I’ve always found birds to be a bit creepy and foreign in a way that other animals are not. They just have those cold staring eyes, quirky ways and sharp beaks. A friend of mine, who loves birds, has had pet ones and they always seemed so squawky and angry to me, so it doesn’t seem at all unreasonable that they would one day decide to up and eat us all.
Nat’s attention to detail (and perhaps a smidge of paranoia) keeps him and his family alive during the attacks. He’s someone who spends time paying attention to his surroundings, which is rarer nowadays in my opinion. Published in 1952, I can’t seem to find if this is the short date or just the collection it came in’s date, The Birds is probably a story born out of the aftermath of WWII. I’m not British, but I can imagine that the birds are meant to represent the fear of bombers invading England during the war. While to average person, the attacks probably felt like they were random, but to those in the know, invasions are planned and have rhythm. Nat had a trained eye for birds, which to me runs similarly to a soldier’s eye for war.

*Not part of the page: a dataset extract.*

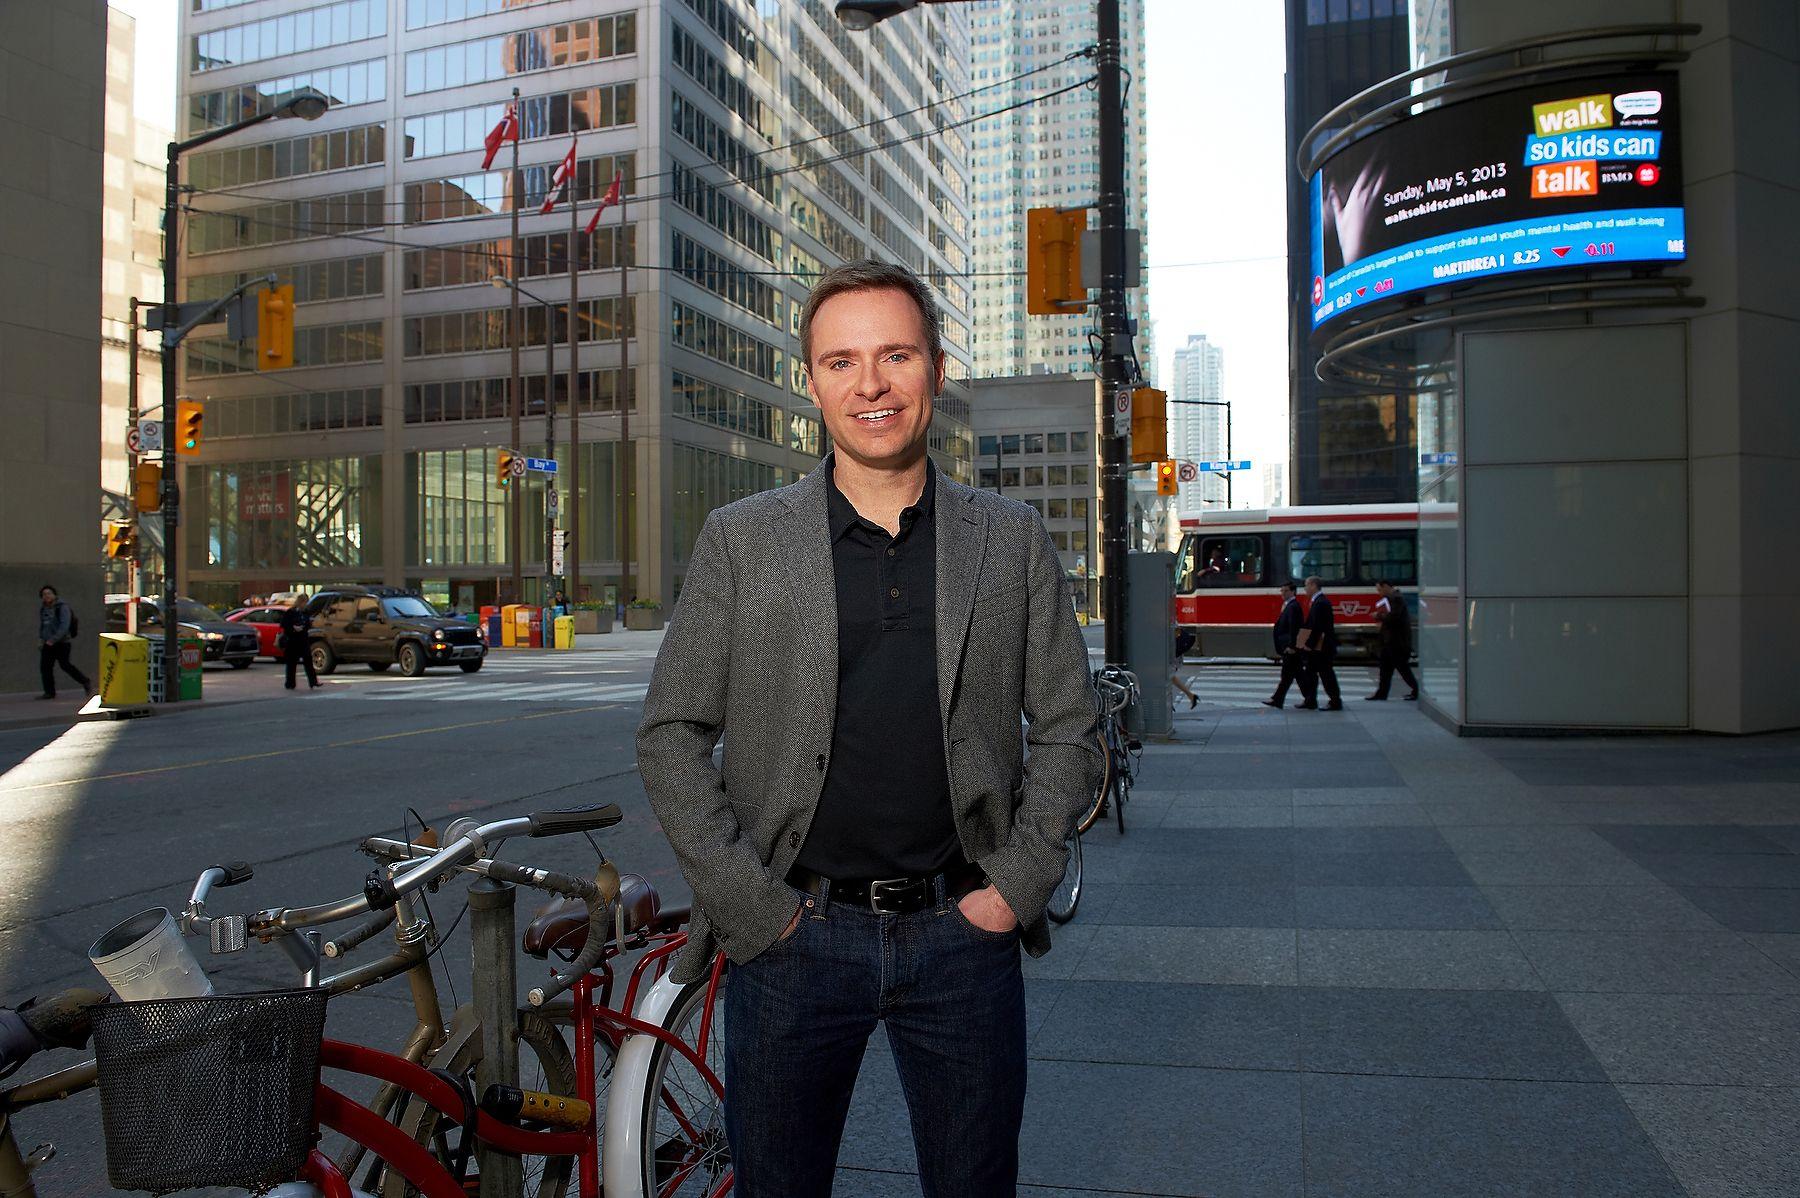 U of  T Scott Scheiman, location portrait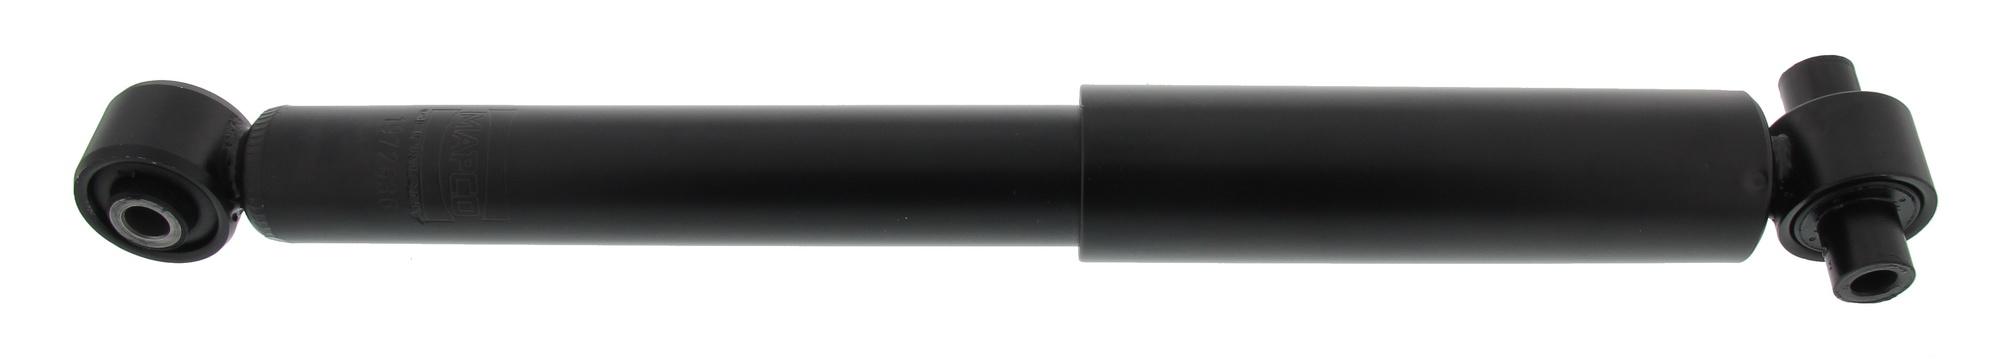 MAPCO 40600 Shock Absorber

There are lots of motifs in the story:
Birds: Bomb raids, nature versus humankind.
Guns: His neighbor jokes that the birds will be no big deal and that there will be a gull breakfast —> I see this a bit as humankind resorting to violence to solve problems. It usually makes it worse. It could be seen as throwing money at a problem too.
Fire: Nat keeps a fire going to keep the house safe from birds coming down the chimney. I saw this as keeping hope alive. Despair threatens all. When the birds attack the upper rooms, Nat is thankful that his wife and children are in the kitchen and cannot hear it. He also encourages chocolate which to me chocolate and Fire have similar metaphoric symbolism.
Something big that I saw was Nat’s transference of trust. He went from trusting governmental authority to realizing that one must place faith in oneself first and foremost. The wireless/radio is our connection but when it goes dark, so does their external trust.